Mr. CEO(56)
I run as fast as my legs can carry me to the sidewalk, shoving shouting reporters out of the way. I look up, frantically breathing and our eyes meet. Logan gets out and walks straight toward me, pulling me into the limo with him and slamming the door shut. Andrew’s already pulling away with screeching tires by the time I’m able to catch my breath and sit up.
“Why did you do that?” I shake my head, practically screaming at him with tears in my eyes. My heart’s still pounding. This is bad, it’s so f*cking bad.
“No one’s going to talk to you like that.” His voice is weak.
“This isn’t good,” I say and take in a slow breath, closing my eyes, trying to calm down.
When Logan doesn’t respond, I open my eyes and lean forward, peering at him with concern. It’s the first time that I really take a good look at him. His knuckles are bruised and cut, and there’s dried blood from his hands up to his arm. It’s all over his shirt. I finally reach his face, and my heart stops beating. His eyes seem distant, something… something’s wrong. “Logan?”
It takes him a moment to register that I'm talking to him. Logan tries to say something, but his words are unintelligible to my ears and his body sways.
“Logan?” I ask again, panicked now and gripping his shoulders and then head, trying to get him to look at me.
His eyes rolling into the back of his head, Logan collapses against the seat. Oh my God. No! “Logan!” I scream, shaking him and refusing to believe this is real. He’s unresponsive. I press my hand against his throat.
“What’s going on?” Andrew asks with concern.
I scream, “He needs a hospital! Now!”
Chapter 32
Logan
The constant beep, beep, beep from the machine is giving me a f*cking headache. I stare at it. The blue and red lines are moving rhythmically across the screen.
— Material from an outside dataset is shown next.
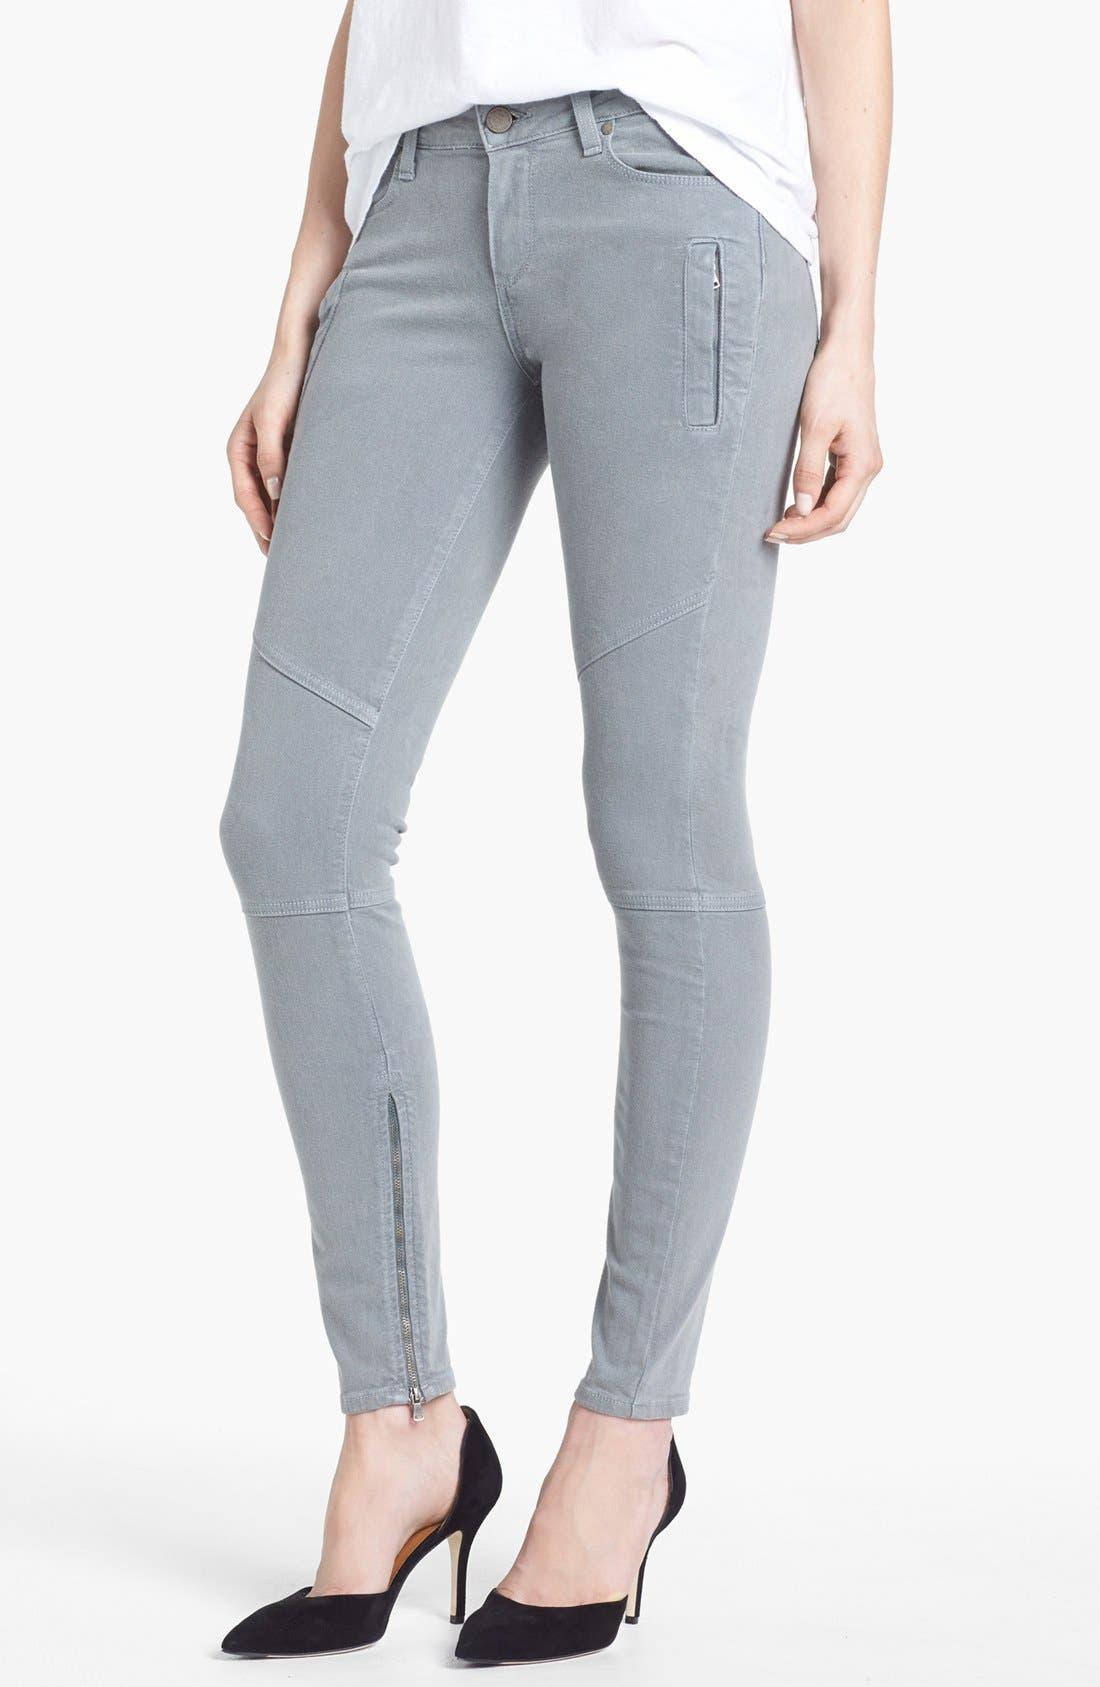 Alternate Image 1 Selected - Paige Denim 'Marley' Zip Detail Skinny Jeans (Cloud Cover)

My back is stiff from being in this f*cking hospital bed. The sheets they have are thin and scratchy. My shirt’s ripped down the front. They couldn’t f*cking unbutton it fast enough.
I’m pissed. I don’t want to be here.
I’m not ready.
“Mr. Parker?” Doctor Wallace says. I take a deep breath and turn to face him on my right. I school my expression so I don’t take the anger out on him. It’s not his fault.
It’s no one’s fault. It just is what it is.
“We need to move this to radiation. It’s now stage four non-Hodgkin lymphoma.”
I smile weakly and let my head fall to the side.
“The intravenous didn’t work then, I take it?” I’ve been getting intravenous chemotherapy with rituximab every other month for almost two years. At first it was just the pills. Then oral chemo and steroids to reduce the swelling in my spleen and prepare my body for chemotherapy.
I was hoping intravenous every other month would be enough. After all, money can buy the best doctors and good health. Can’t it? Apparently not.
“I’m sorry Logan, it’s time that we move to the next step. The scan shows that it’s moving from the bone, which can be painful.”
I huff a humorless laugh. Painful doesn’t begin to describe what I felt on that stage. It was like someone stabbing me in my calf, straight to the bone over and over again.
The anger was just barely enough to keep me from acting on the pain. Chadwick Patterson is going to go down for what he did to my Rose. He had the f*cking audacity to show up to the conference. That motherf*cker. Smashing in his face isn’t anywhere close to justice.
I look down at my hand for the first time since I woke up. An IV is sticking out from the back of it, with a thick piece of tape holding it in place.
As I flex my hand it moves slightly, and it’s irritating as f*ck. There are small cuts on my knuckles that are raw and bruised. Good. I hope his face looks even worse.
“The radiation is only for twenty-one days and it’s user-friendly, so to speak.” I look back up to the good doctor and feel slightly sympathetic that I’ve been ignoring him.
“You’ll remain relatively pain free, just tired constantly, and you shouldn’t lose your hair,” he continues.
“Do I have a choice?” I ask. I don’t want radiation. My grandfather died the day they started radiation. He was fine up until then. The slight pain in his chest was the only indication that anything was wrong. I see it as a sign. I don’t want it.
“If you want to kill it and live,” he says and I look him in the eyes while he gives me a grave expression, “then no, you don’t.”
I nod my head solemnly, giving in to the inevitable.
A small knock at the door takes the doctor’s attention.
He opens it and reveals Charlotte, my Rose. So fragile and beautiful. Yet something I shouldn’t hold.
Guilt presses against my chest as I stare into her glassy eyes. Her cheeks are red and tearstained.
Doctor Wallace turns to face me, standing in the doorway to prevent her from coming in farther. “Mr. Park-”
“Yes, let her in.” I won’t deny her.
She lets out a small sob as she walks into the room.
“Logan,” she says and her voice cracks.
“I’m sorry, Rose.” She puts a small hand over mine. “I should have told you.”